The classic test case for this is the Enron dataset of emails revealed after the company’s collapse, where data scientists can reconstruct much of the corporate structure just by looking at the headers of emails. But you could imagine similar tools being used by intelligence and law enforcement agencies, and we needn’t restrict ourselves to emails.
If near-simultaneous bank transfers are made to six people, four of whom are suspected terrorists, then it might be reasonable to investigate the other two and to ask whether the payee is some kind of terror financier. There is a running joke that it’s possible to infer whether the USA is about to go to war by monitoring how many late-night orders are received by Washington DC pizza parlours.

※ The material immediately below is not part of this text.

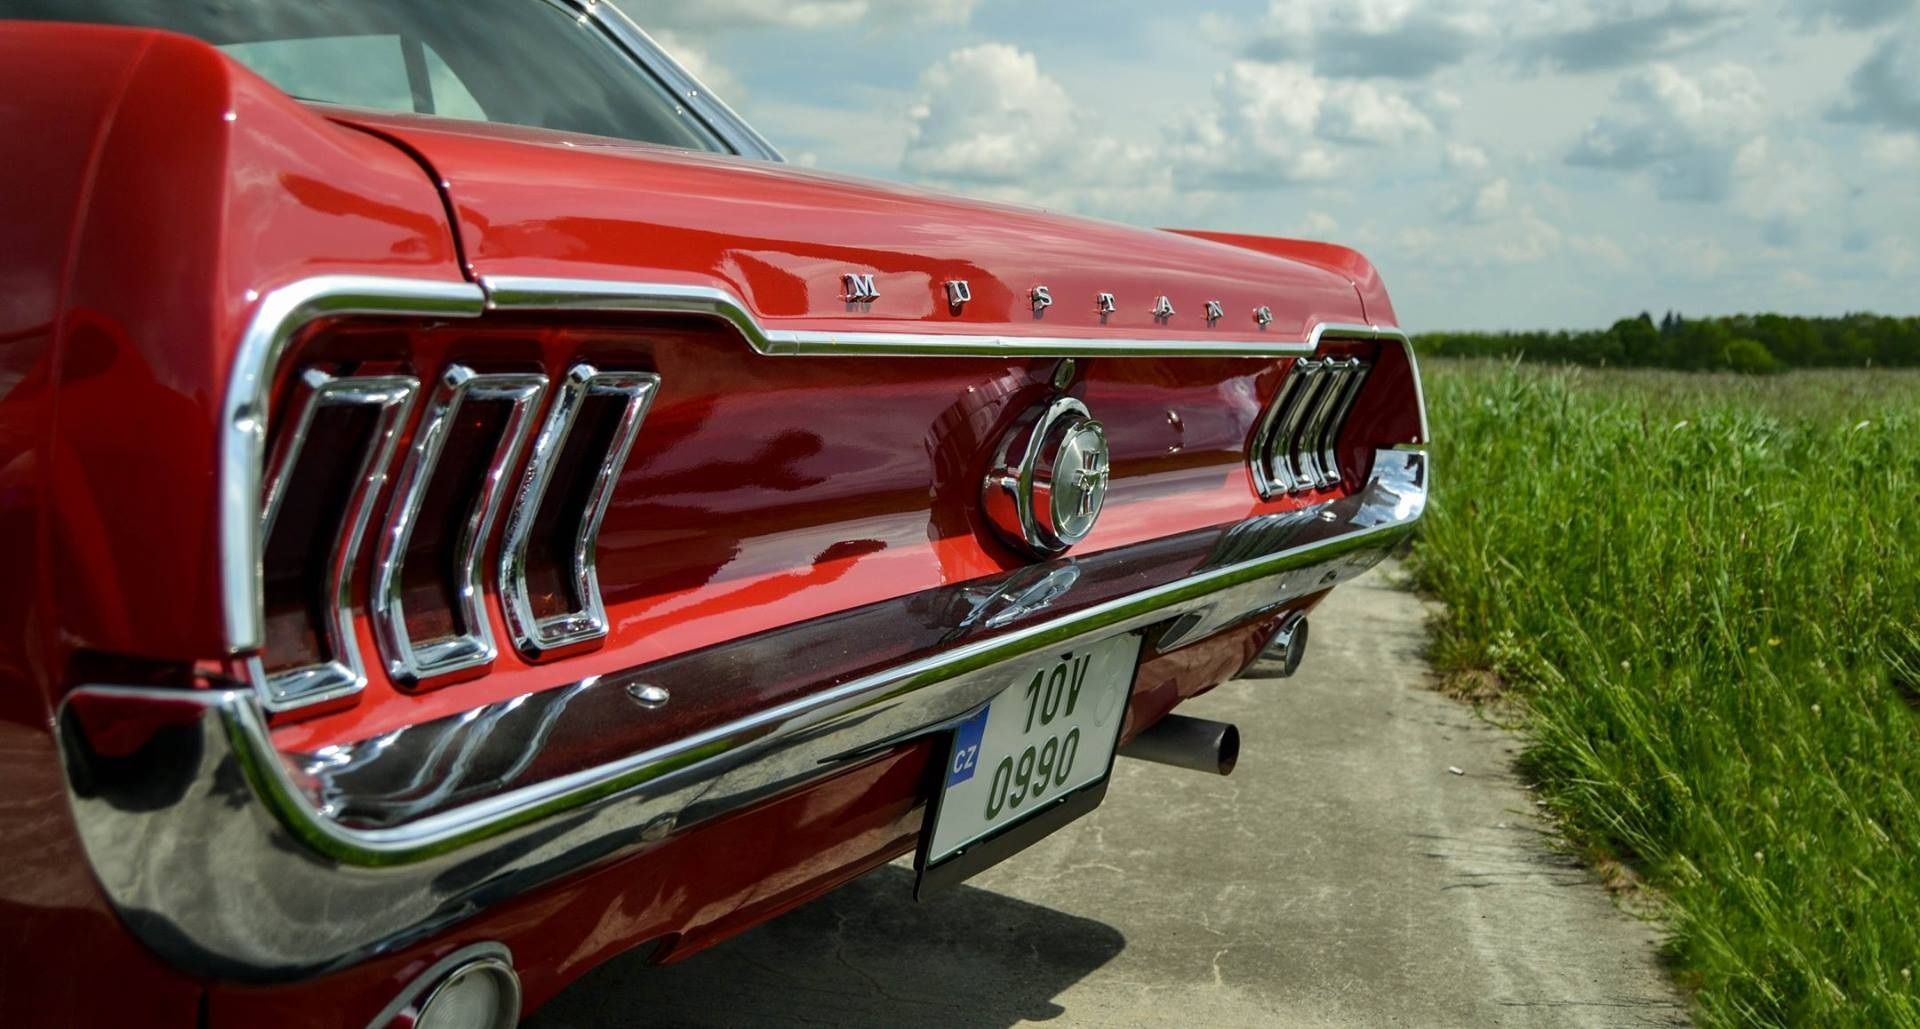 Wallpaper Ford mustang, classic car, rear view

In fact, it’s less that information can be communicated unintentionally, rather than that you have to try really hard to avoid doing so. (I’m co-author on a paper with our very talented former PhD student which studied the question of “just how hard do you have to try?”).

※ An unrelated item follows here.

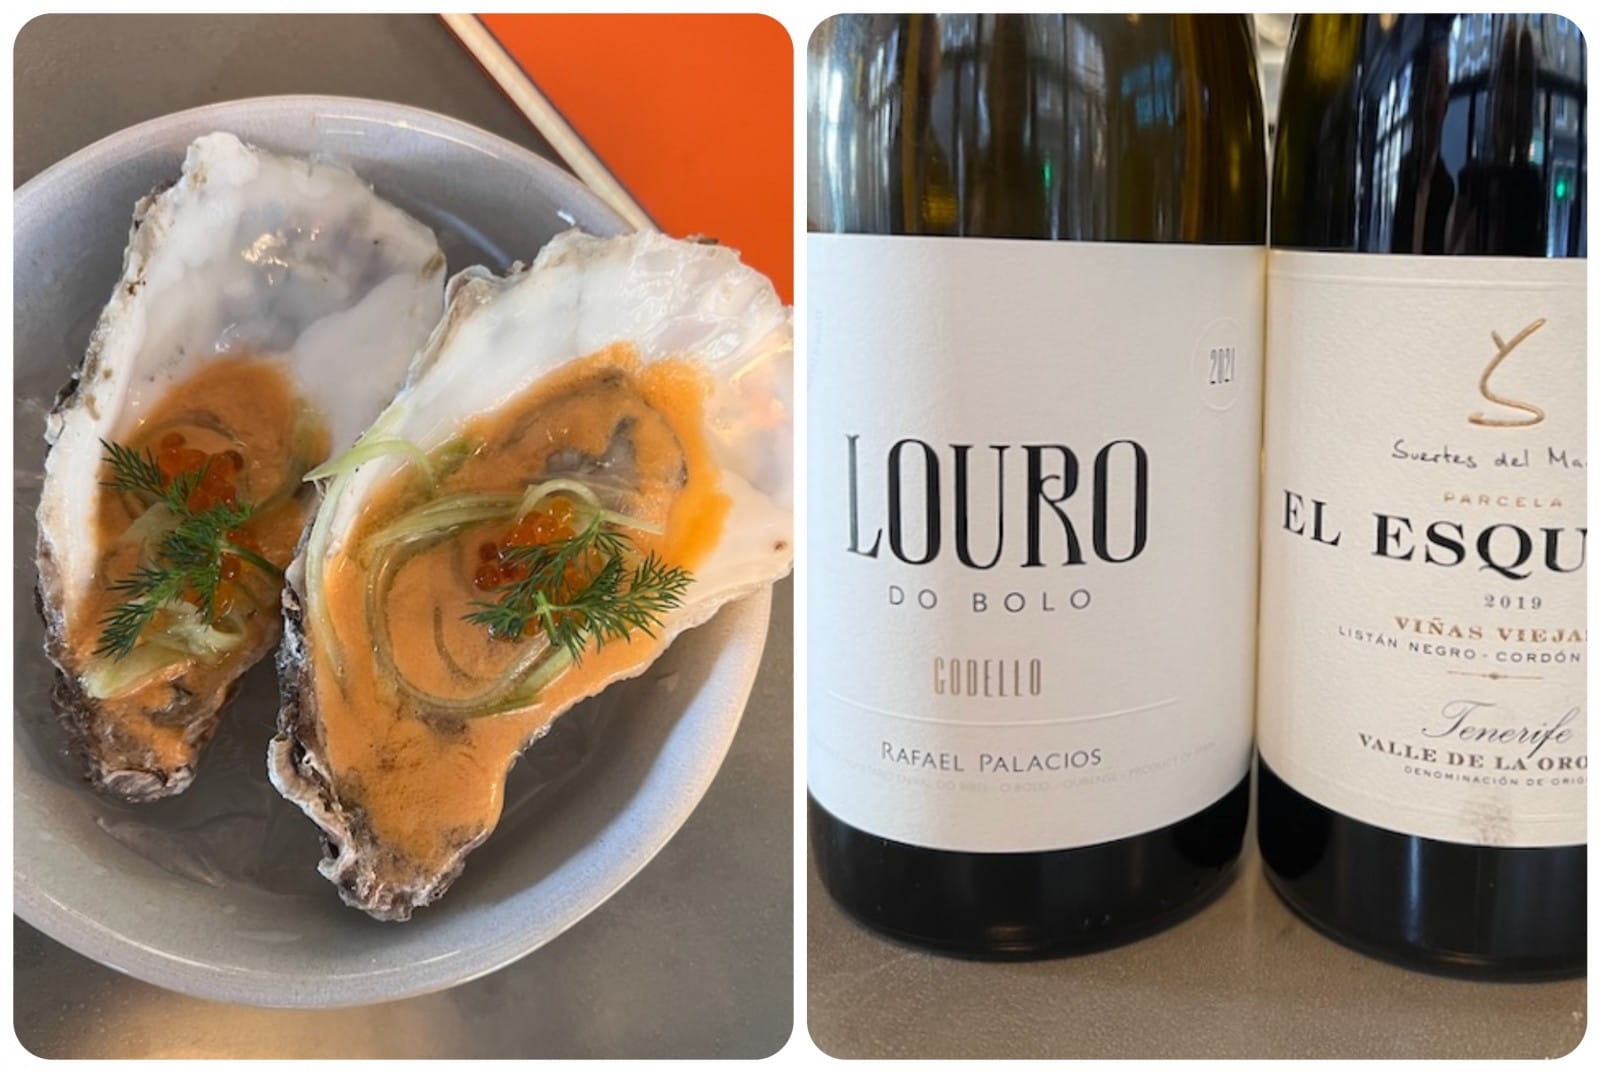 Oysters with gazpacho and godello

Even one of the most secretive processes of all, the recent Papal Conclave, leaked information long before white smoke rose up the Vatican chimney. Forget all the zero-information tech bros blagging it on Polymarket, the real heroes of the story were the network theorists. By studying who worked together, who had ordained whom and so on, Italian data scientists had constructed a model of the Cardinals’ influence network before the Sistine Chapel doors were shut.
They studied a range of network characteristics, including
Status, measured by ‘eigenvector centrality’, rewards cardinals who are connected not only to many, but to the most influential ones.
and found that the leader by that measure was a certain Cardinal Robert Prevost. They investigated two other measures too and found other leaders, so it wasn’t a prediction as such. But still, you’d have cleaned up on the betting markets if you’d followed this prediction, so it’s worth understanding what this eigenvector centrality represents.
The idea is that we don’t just count connections, but that connections to high-value Cardinals matter the most. It may seem a little bit circular - how do you know who is high-value, if the value depends on which high-value nodes you connect to? - but it turns out that it’s just a problem in matrix algebra to figure it all out.
And of course, it shouldn’t be a surprise that we can infer the most important people in a network using these kinds of methods, because in the last 30 years this has literally been a trillion dollar idea. Google’s PageRank algorithm is based on a variant of this eigenvector centrality method, with the same motivation. A page with lots of links coming in can be constructed by a spammer, but a page with lots of links coming in from reputable websites is a good indicator of value.
So, despite what Shannon said and as Biden discovered, sometimes the way that a message is sent can be as important as the message itself, and communication networks contain a lot of valuable structure if you know how to look for it.
Thank you a most interesting essay somewhat tangential to my own specialty: language translation, where the most important parts are thought to be the white spaces between the words and lines.
And thank for your delightful “flamingosity,” a truly wonderful neologism.
Interesting as always, thanks!
I am reminded of the EFF essay on metadata, arguing against telecoms, etc providers who say it is not privacy invading, yet some trivial analysis would should you may have got a call from a doctor, then call a abortion helpline, or received an email from the hospital, then visited a HIV advice website shortly afterwards.